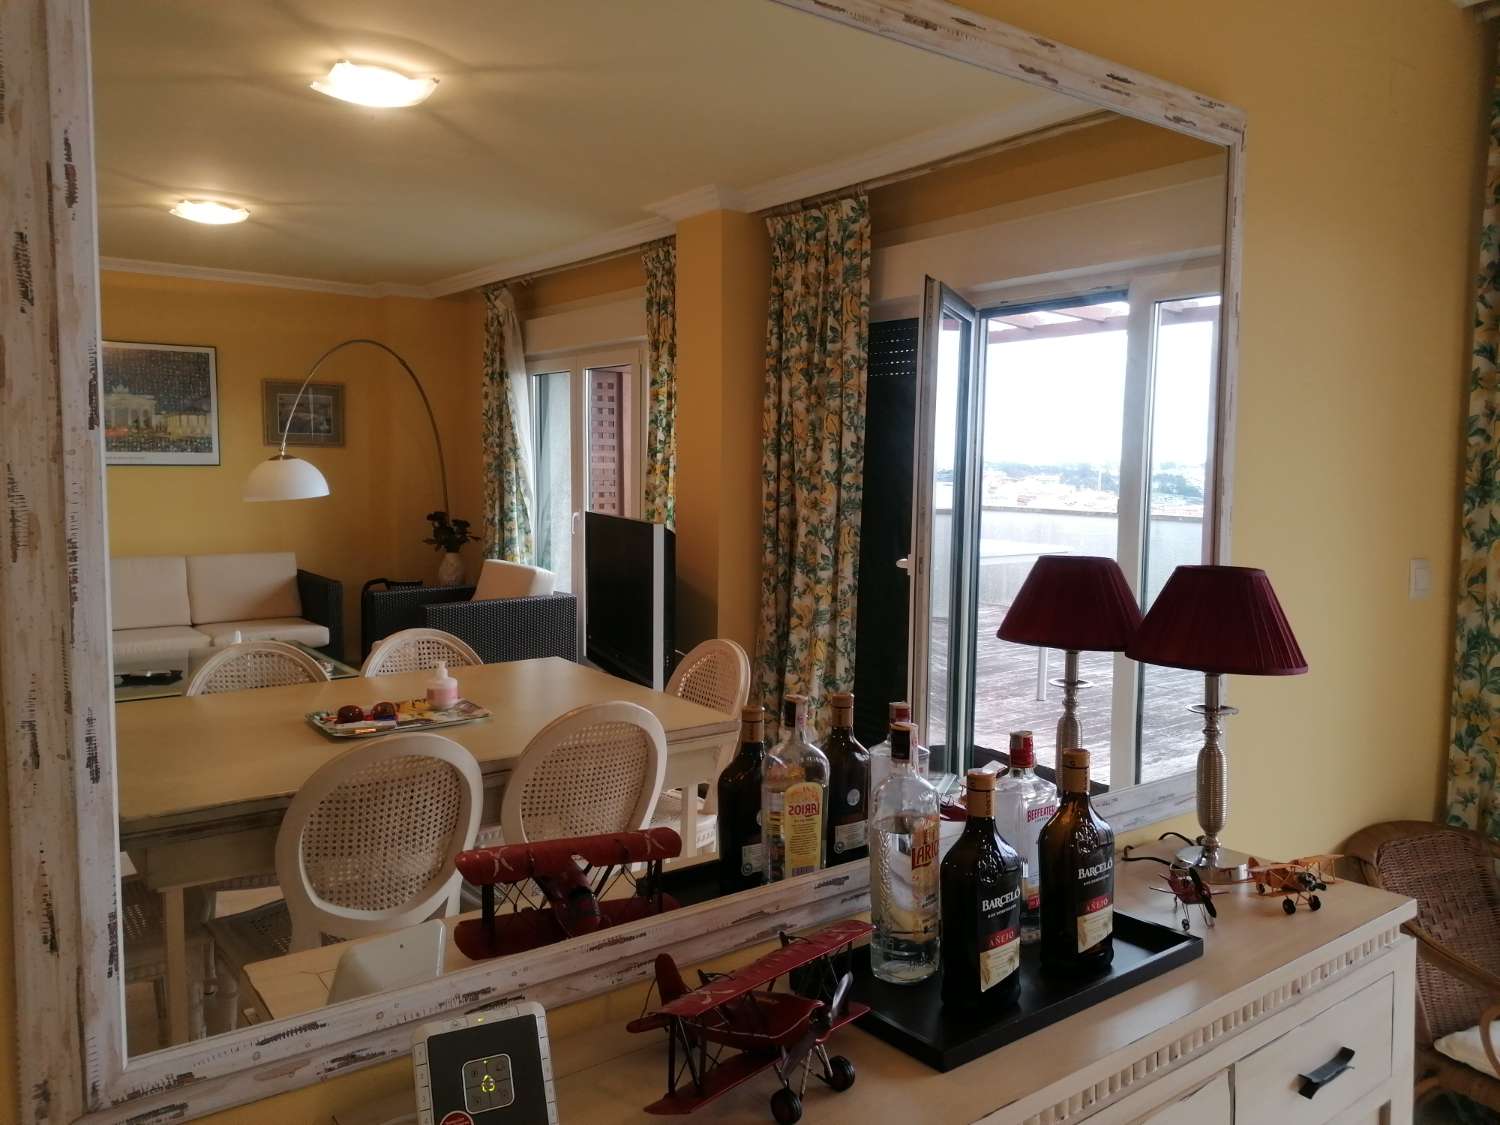 Sanxenxo : Penthouse avec terrasse spectaculaire donnant sur l’estuaire de Pontevedra...
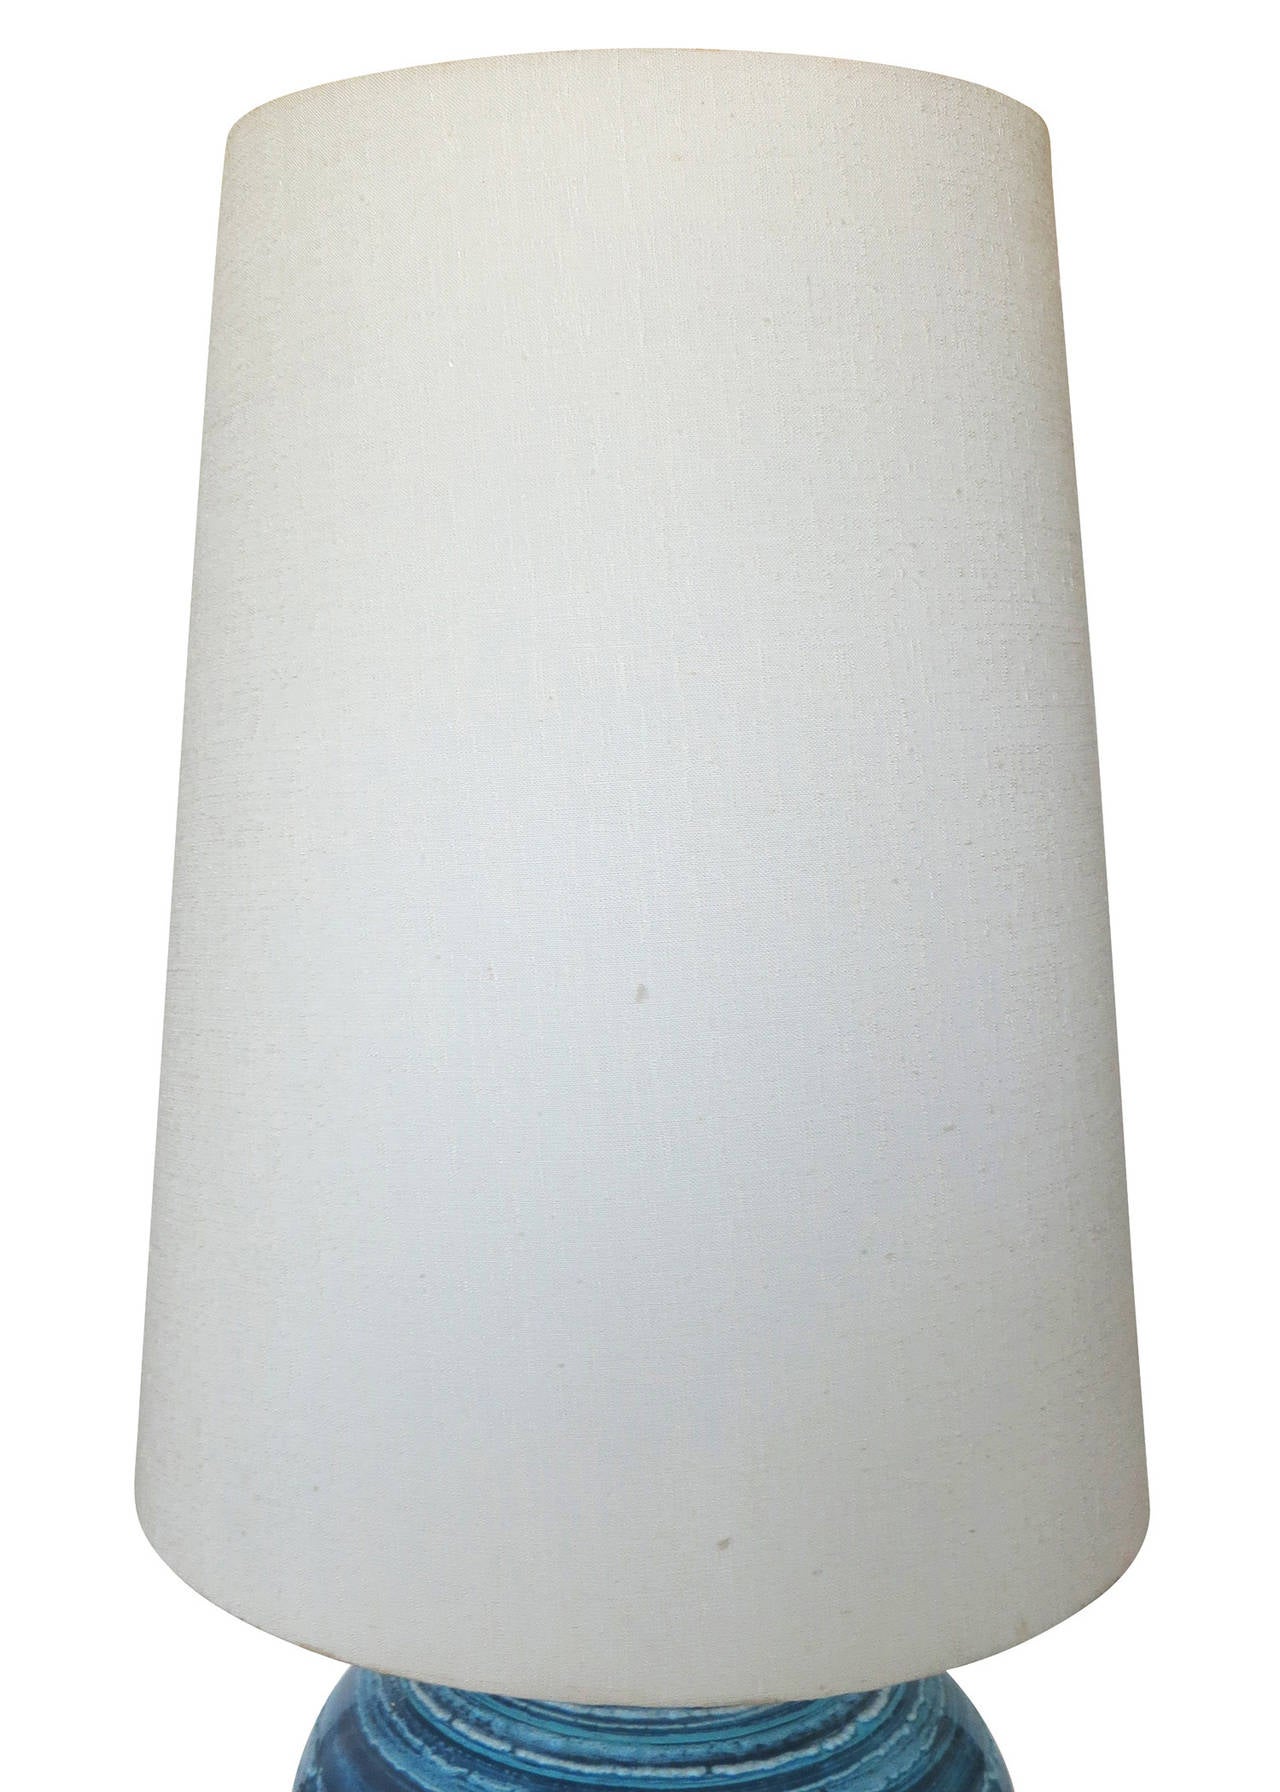 Une grande lampe en céramique émaillée à rayures bleues variées avec un abat-jour original transparent. Cette lampe est composée d'un pot en poterie bleu varié avec une base et un col en laiton plaqué bronze.

Lampe avec abat-jour 38,5

━━━━━━━━━━━━━━━━━━━━

# What is being asked
Exactly repeat only the lines from the one with "Une grande lampe" to the closing line above, both included, and omit every picture.

# Answer to the problem
 Une grande lampe en céramique émaillée à rayures bleues variées avec un abat-jour original transparent. Cette lampe est composée d'un pot en poterie bleu varié avec une base et un col en laiton plaqué bronze.

Lampe avec abat-jour 38,5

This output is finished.